The memo is addressed to the then-acting heads of U. S. Immigration and Customs Enforcement and U. S. Customs and Border Protection. It would serve as guidance to implement the wide-ranging executive order on immigration and border security that President Donald Trump signed Jan. 25. Such memos are routinely issued to supplement executive orders.
Also dated Jan. 25, the draft memo says participating troops would be authorized “to perform the functions of an immigration officer in relation to the investigation, apprehension and detention of aliens in the United States.” It describes how the troops would be activated under a revived state-federal partnership program, and states that personnel would be authorized to conduct searches and identify and arrest any unauthorized immigrants.
Requests to the White House and the Department of Homeland Security for comment and a status report on the proposal were not answered.
The draft document has circulated among DHS staff over the last two weeks. As recently as Friday, staffers in several different offices reported discussions were underway.
If implemented, the impact could be significant. Nearly one-half of the 11.1 million people residing in the U. S. without authorization live in the 11 states, according to Pew Research Center estimates based on 2014 Census data.
Use of National Guard troops would greatly increase the number of immigrants targeted in one of Mr. Trump’s executive orders last month, which expanded the definition of who could be considered a criminal and therefore a potential target for deportation. That order also allows immigration agents to prioritize removing anyone who has “committed acts that constitute a chargeable criminal offense.”
Under current rules, even if the proposal is implemented, there would not be immediate mass deportations. Those with existing deportation orders could be sent back to their countries of origin without additional court proceedings. But deportation orders generally would be needed for most other unauthorized immigrants.
The troops would not be nationalized, remaining under state control.
Spokespeople for the governors of Arizona, Utah, Nevada, California, Colorado, Oklahoma, Oregon and New Mexico said they were unaware of the proposal, and either declined to comment or said it was premature to discuss whether they would participate. The other three states did not immediately respond to the AP.
The proposal would extend the federal-local partnership program that President Barack Obama’s administration began scaling back in 2012 to address complaints that it promoted racial profiling.

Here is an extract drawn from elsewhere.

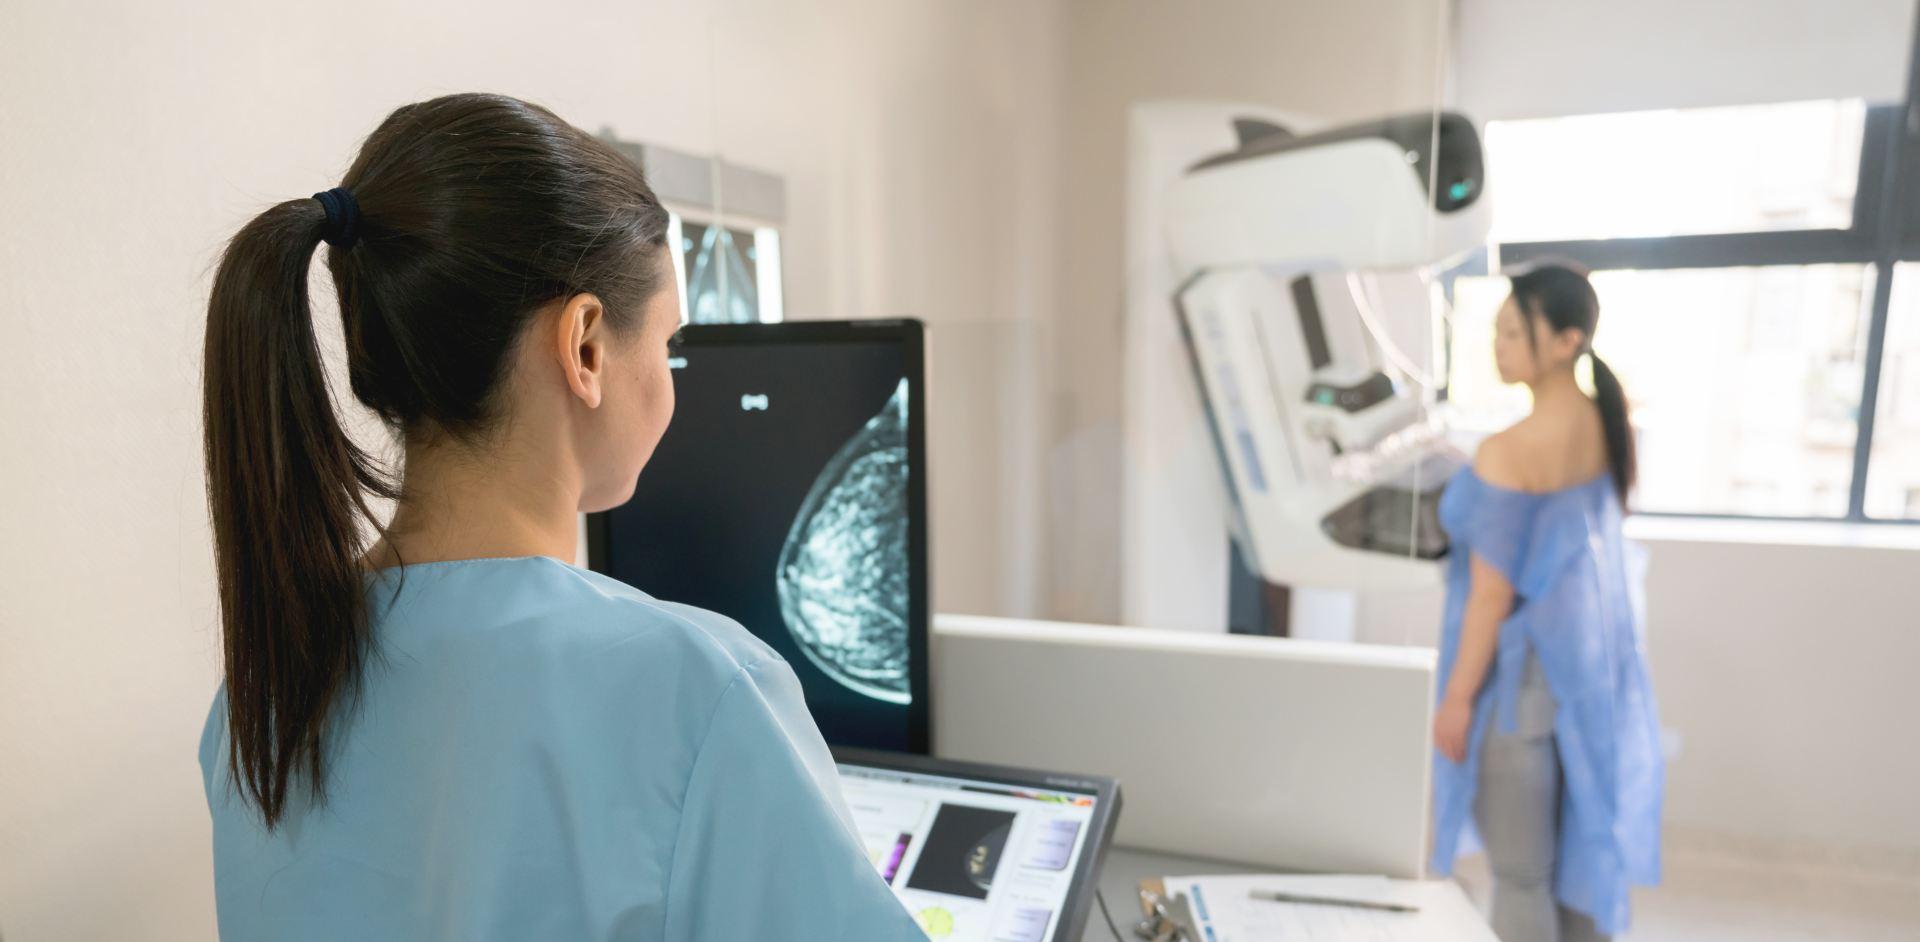 Mammogram in progress

The 287(g) program, which Trump included in his immigration executive order, gives local police, sheriff’s deputies and state troopers the authority to assist in the detection of immigrants who are in the U. S. illegally as a regular part of their law enforcement duties on the streets and in jails.
The draft memo also mentions other items included in Trump’s executive order, including the hiring of an additional 5,000 border agents, which needs financing from Congress, and his campaign promise to build a wall between the U. S. and Mexico.

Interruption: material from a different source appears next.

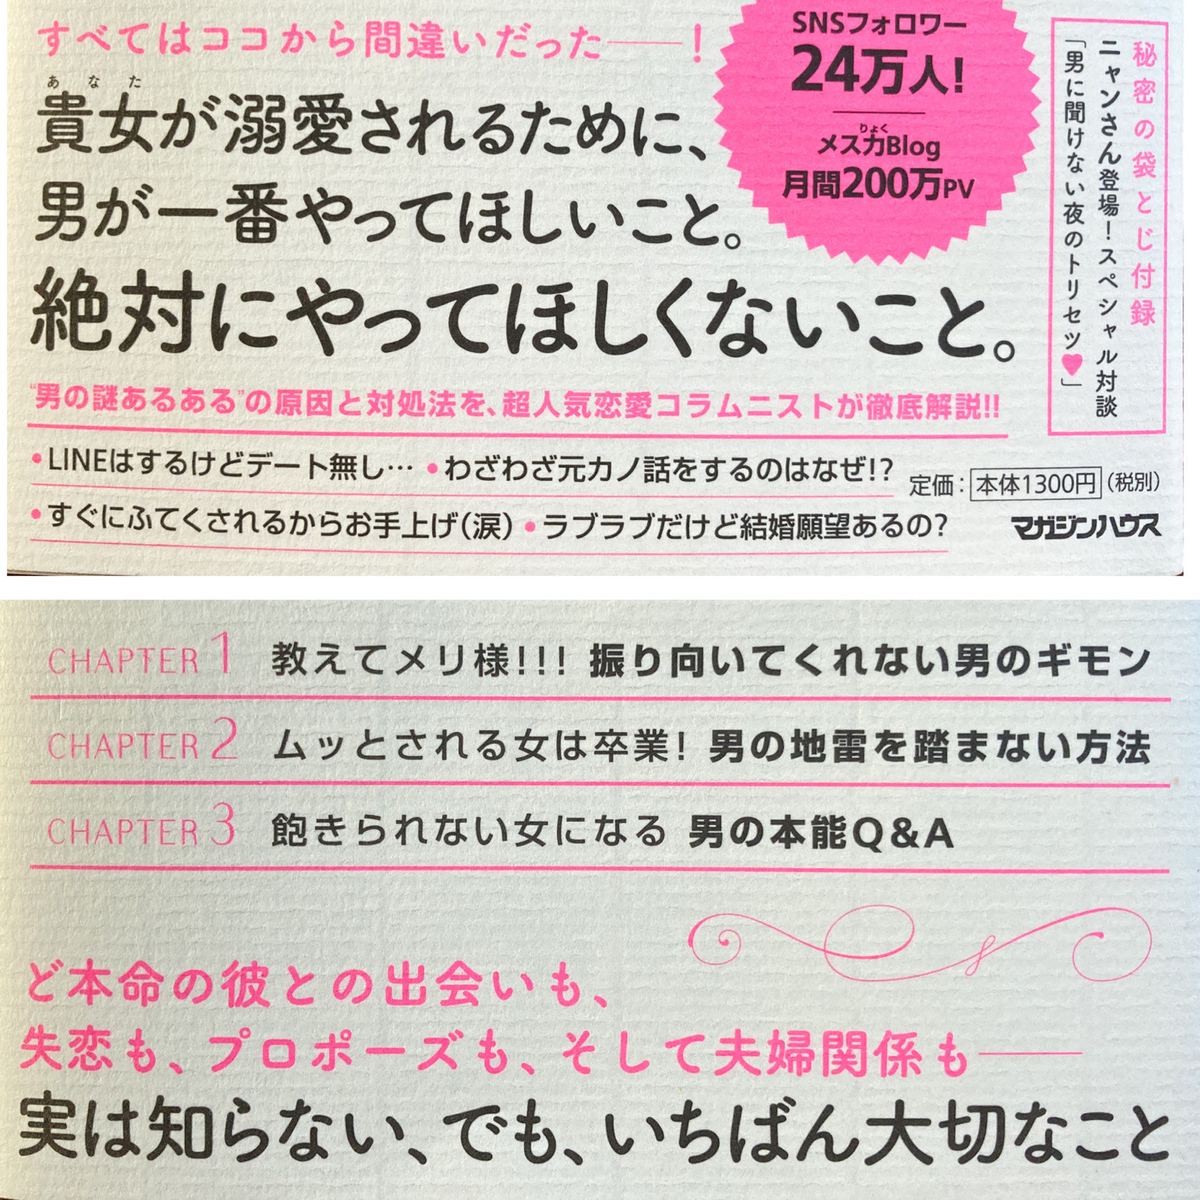 f:id:hirataikahono:20210125152401j:plain

The signed order contained no mention of the possible use of state National Guard troops.
According to the draft memo, the militarization effort would be proactive, specifically empowering Guard troops to solely carry out immigration enforcement, not as an add-on the way local law enforcement is used in the program.
Allowing Guard troops to operate inside non-border states also would go far beyond past deployments.
In addition to responding to natural or man-made disasters or for military protection of the population or critical infrastructure, state Guard forces have been used to assist with immigration-related tasks on the U. S.-Mexico border, including the construction of fences.
In the mid-2000s, President George W. Bush twice deployed Guard troops on the border to focus on non-law enforcement duties to help augment the Border Patrol as it bolstered its ranks.